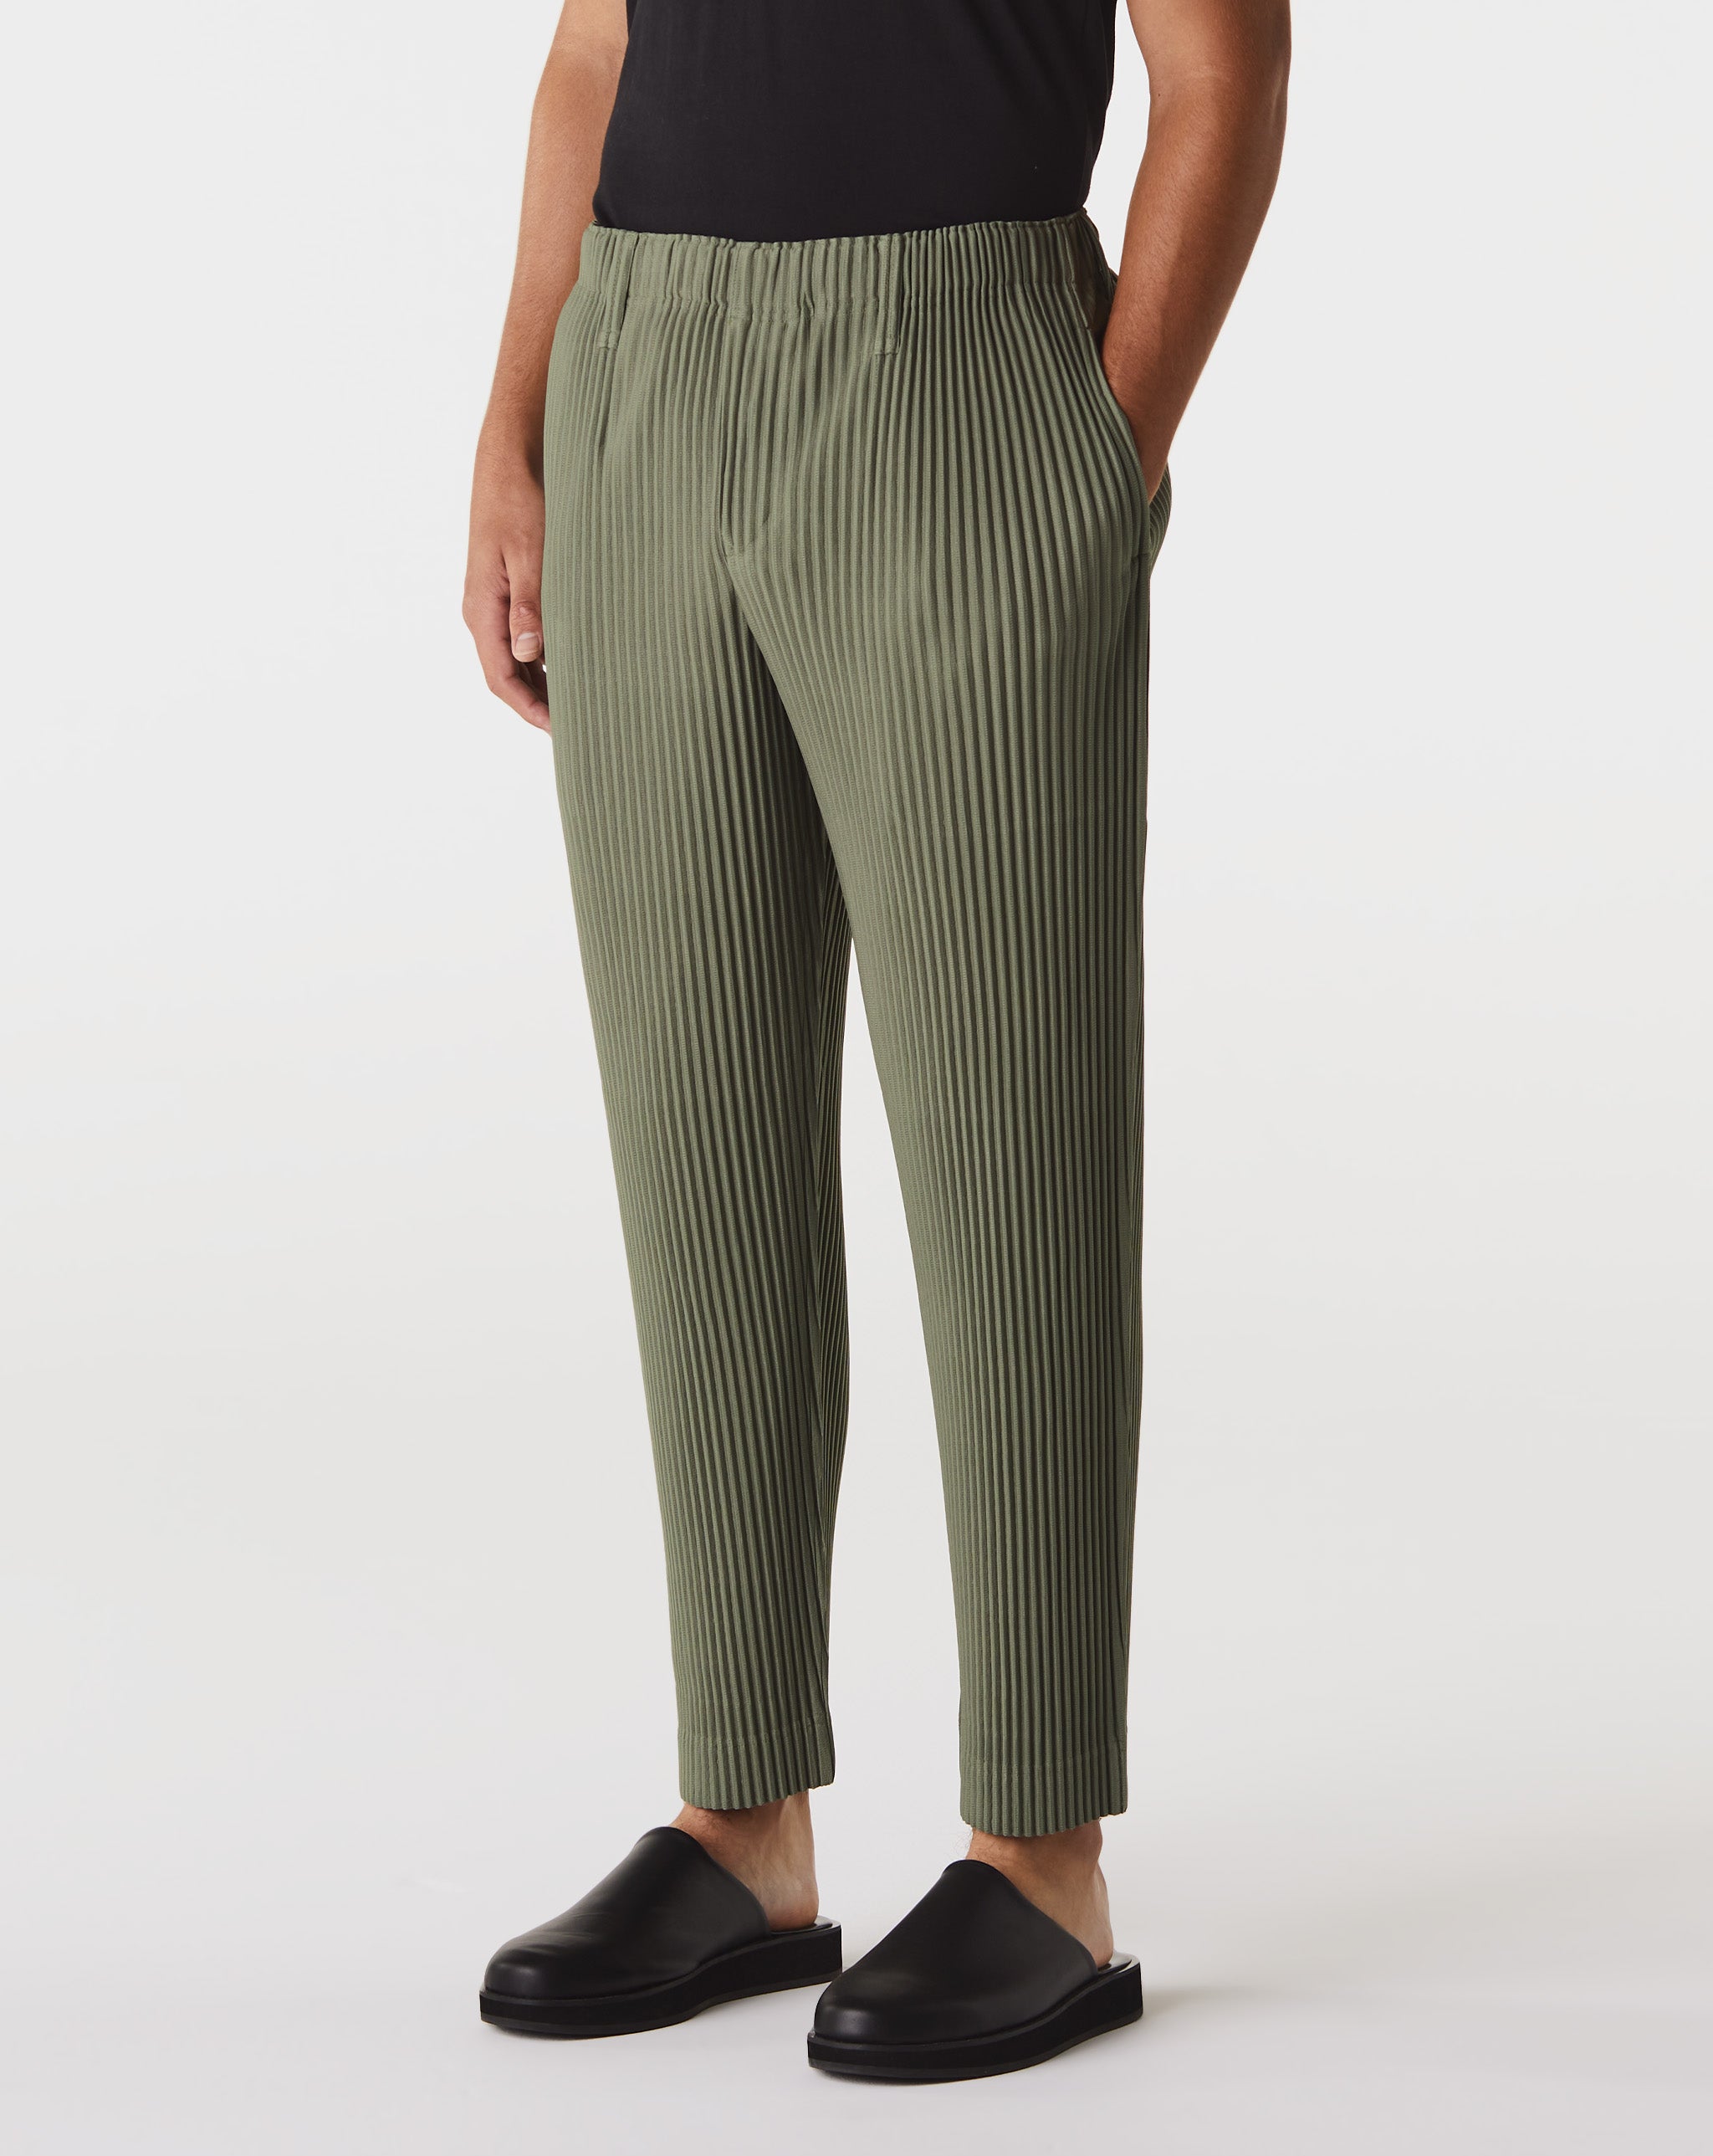 Tech Pack Woven Utility Shorts Color Pleats Pants  - Cheap Cerbe Jordan outlet
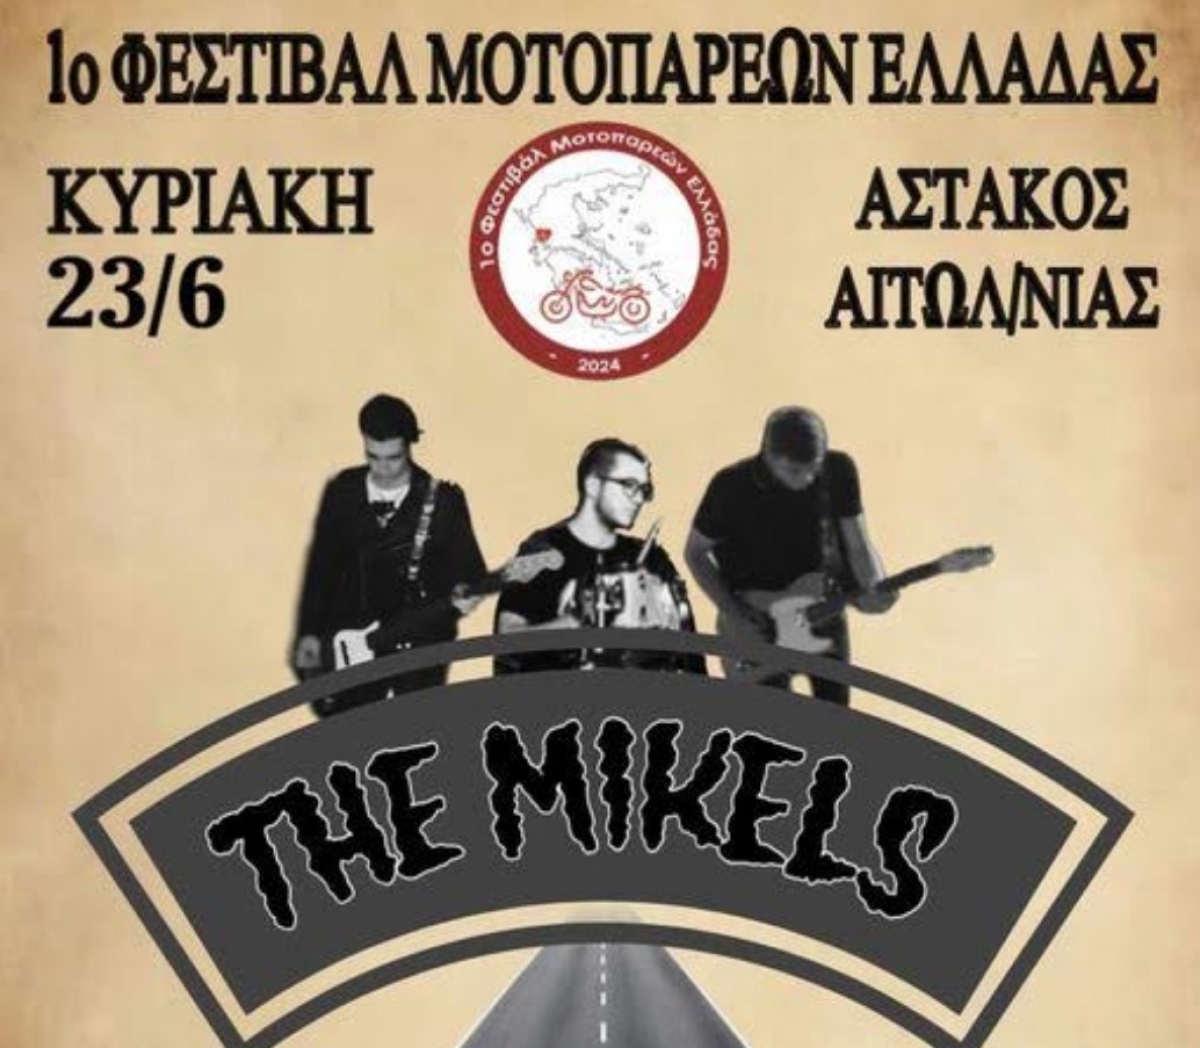 1o Φεστιβάλ Μοτοπαρεών Ελλάδος σε Αστακό και Μύτικα με τους Mikels επί σκηνής (Κυρ 23/6/2024)
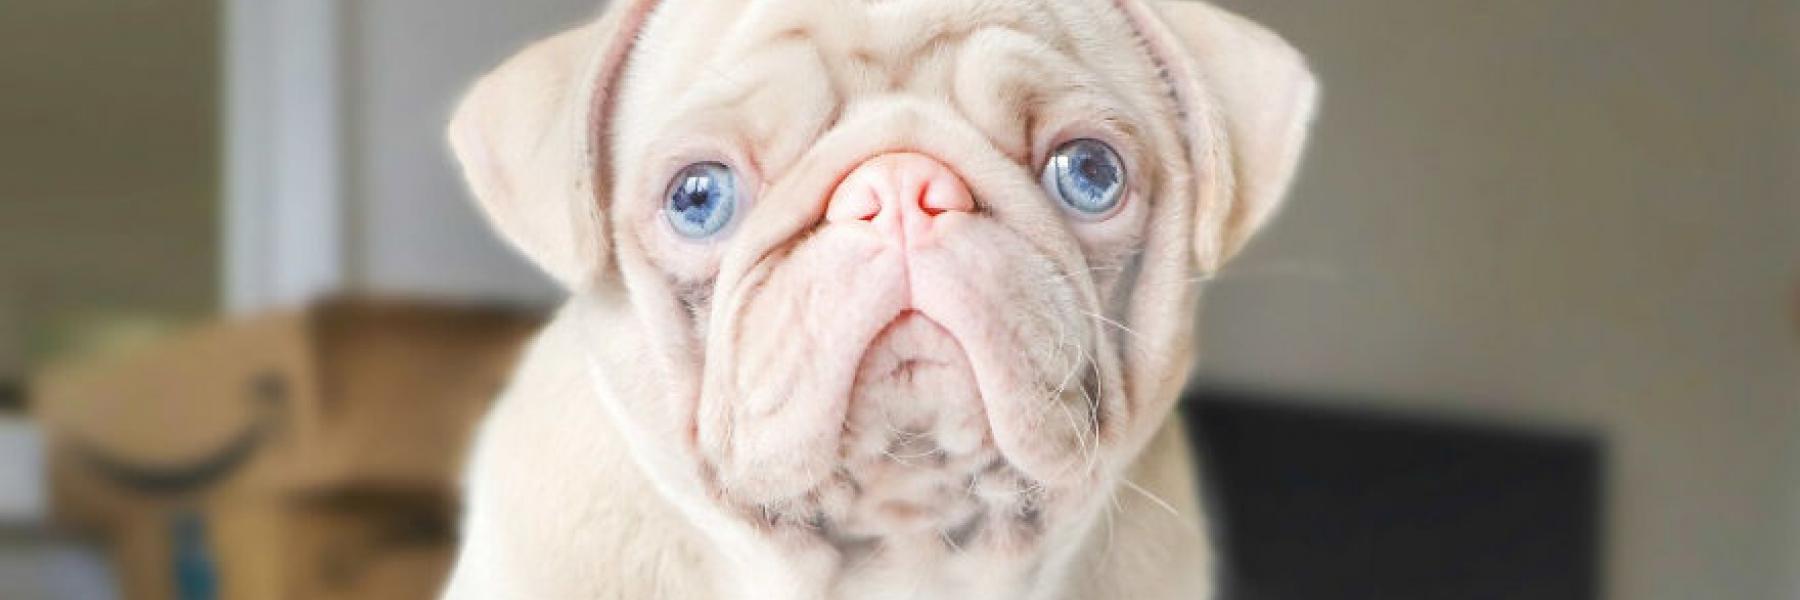  كلب نادر يخطف الأنظار بأنفه الوردي وعيونه الزرقاء

▶ Task goal
Print the data again, word for word, without any pictures.

▶ Final answer
 Tech Pack Woven Utility Shorts Color Pleats Pants  - Cheap Cerbe Jordan outlet
 1o Φεστιβάλ Μοτοπαρεών Ελλάδος σε Αστακό και Μύτικα με τους Mikels επί σκηνής (Κυρ 23/6/2024)
  كلب نادر يخطف الأنظار بأنفه الوردي وعيونه الزرقاء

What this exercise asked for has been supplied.